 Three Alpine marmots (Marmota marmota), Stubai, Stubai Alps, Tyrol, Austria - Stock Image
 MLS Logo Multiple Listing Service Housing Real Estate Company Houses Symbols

——————————

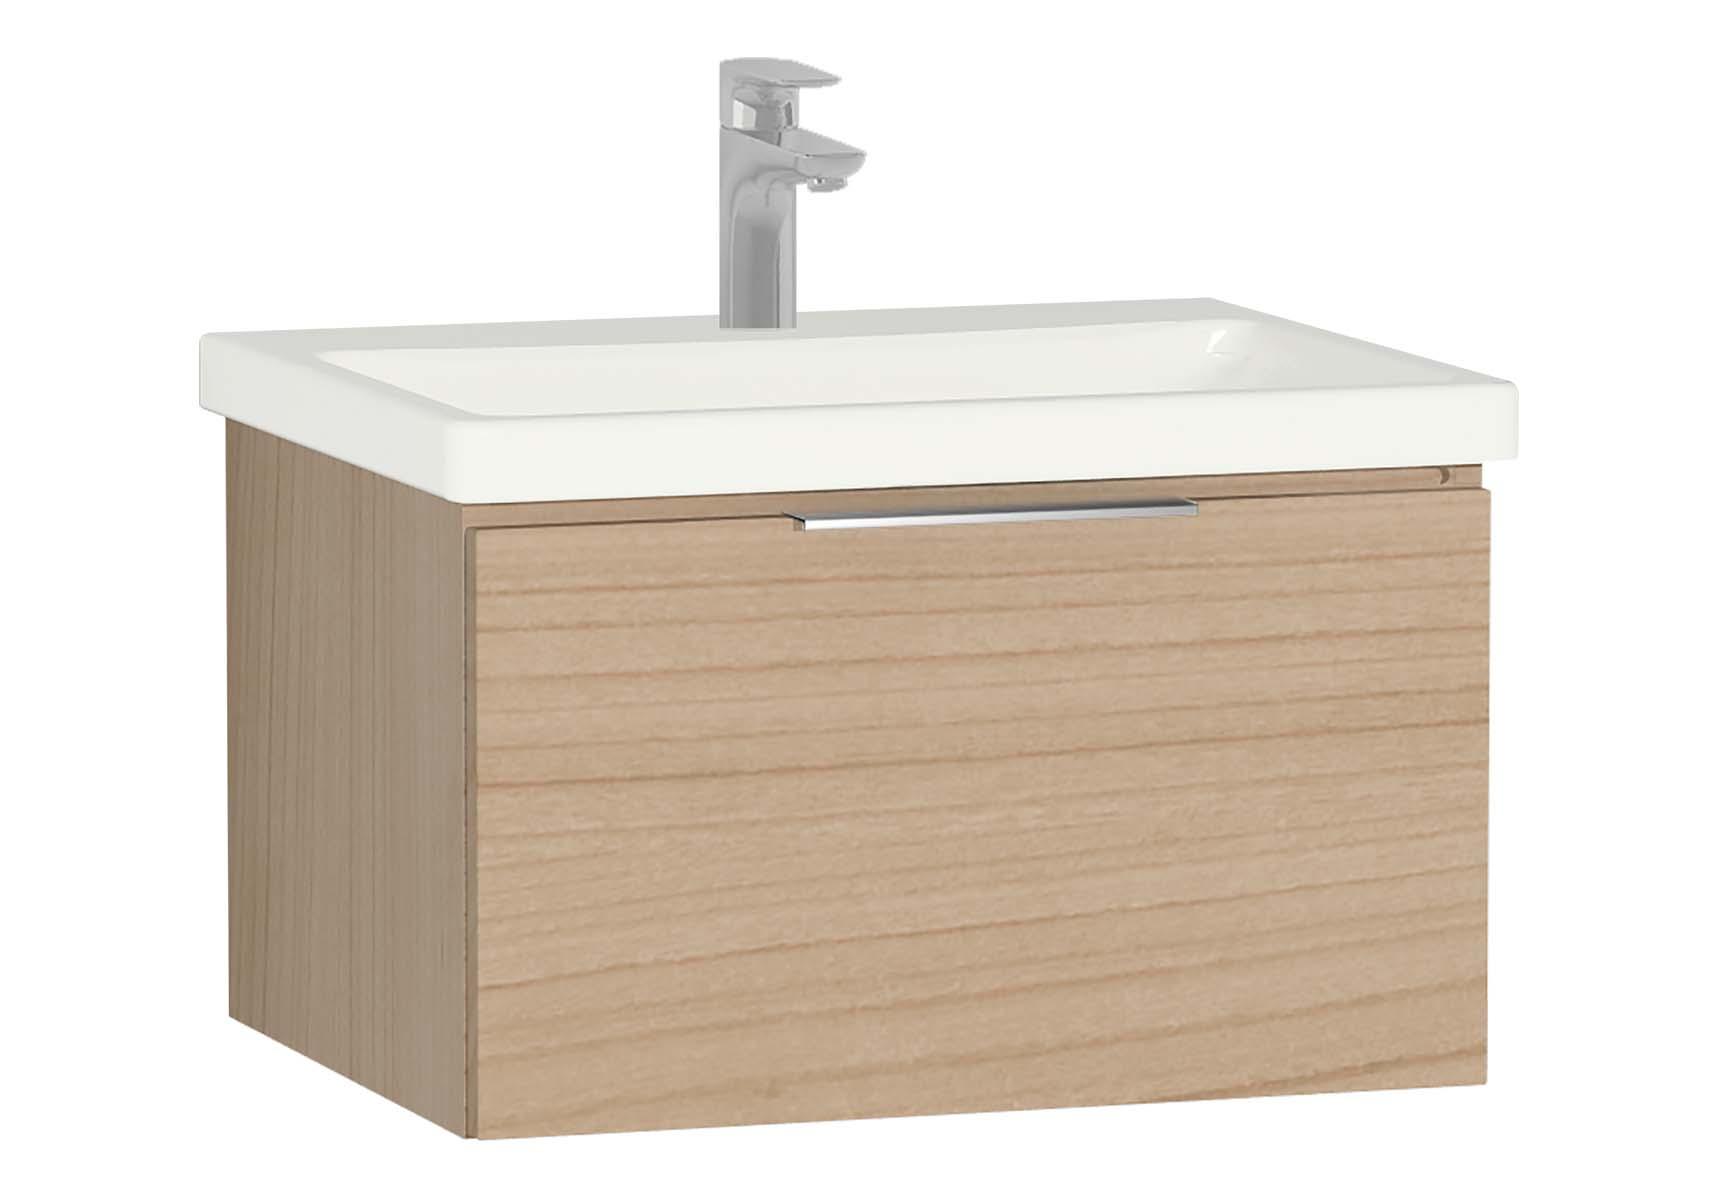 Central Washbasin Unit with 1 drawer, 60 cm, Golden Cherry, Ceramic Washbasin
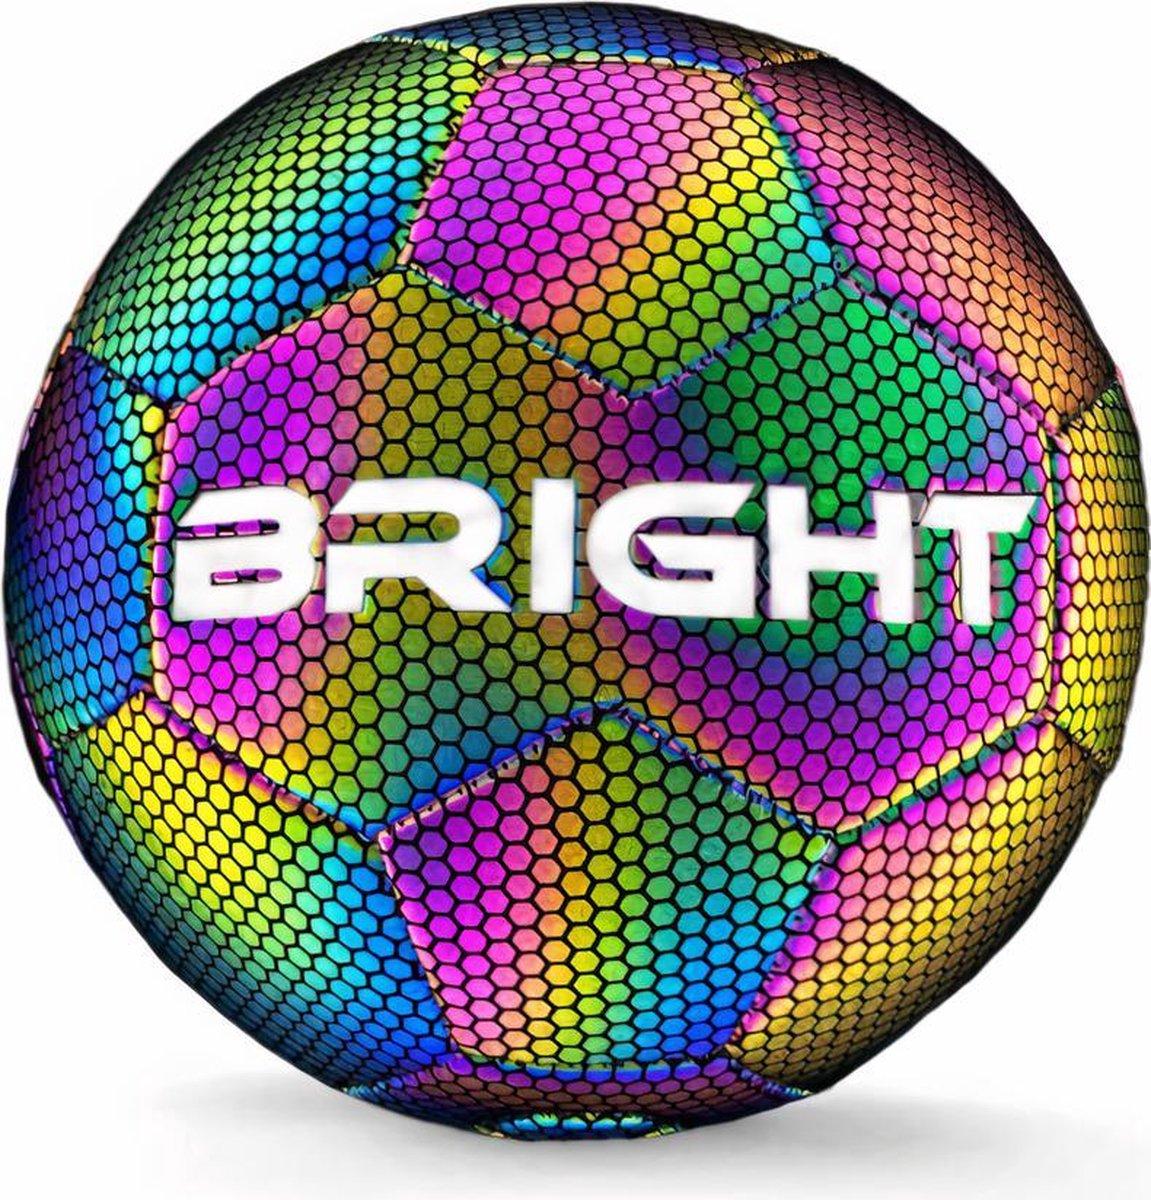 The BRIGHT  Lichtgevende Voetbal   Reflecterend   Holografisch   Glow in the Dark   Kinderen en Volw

——————————

## WHAT IS REQUIRED
All lines in the data above from the one with "Three Alpine marmots" through the one with "MLS Logo Multiple" must be repeated exactly, and no others.

## EXERCISE SOLUTION
 Three Alpine marmots (Marmota marmota), Stubai, Stubai Alps, Tyrol, Austria - Stock Image
 MLS Logo Multiple Listing Service Housing Real Estate Company Houses Symbols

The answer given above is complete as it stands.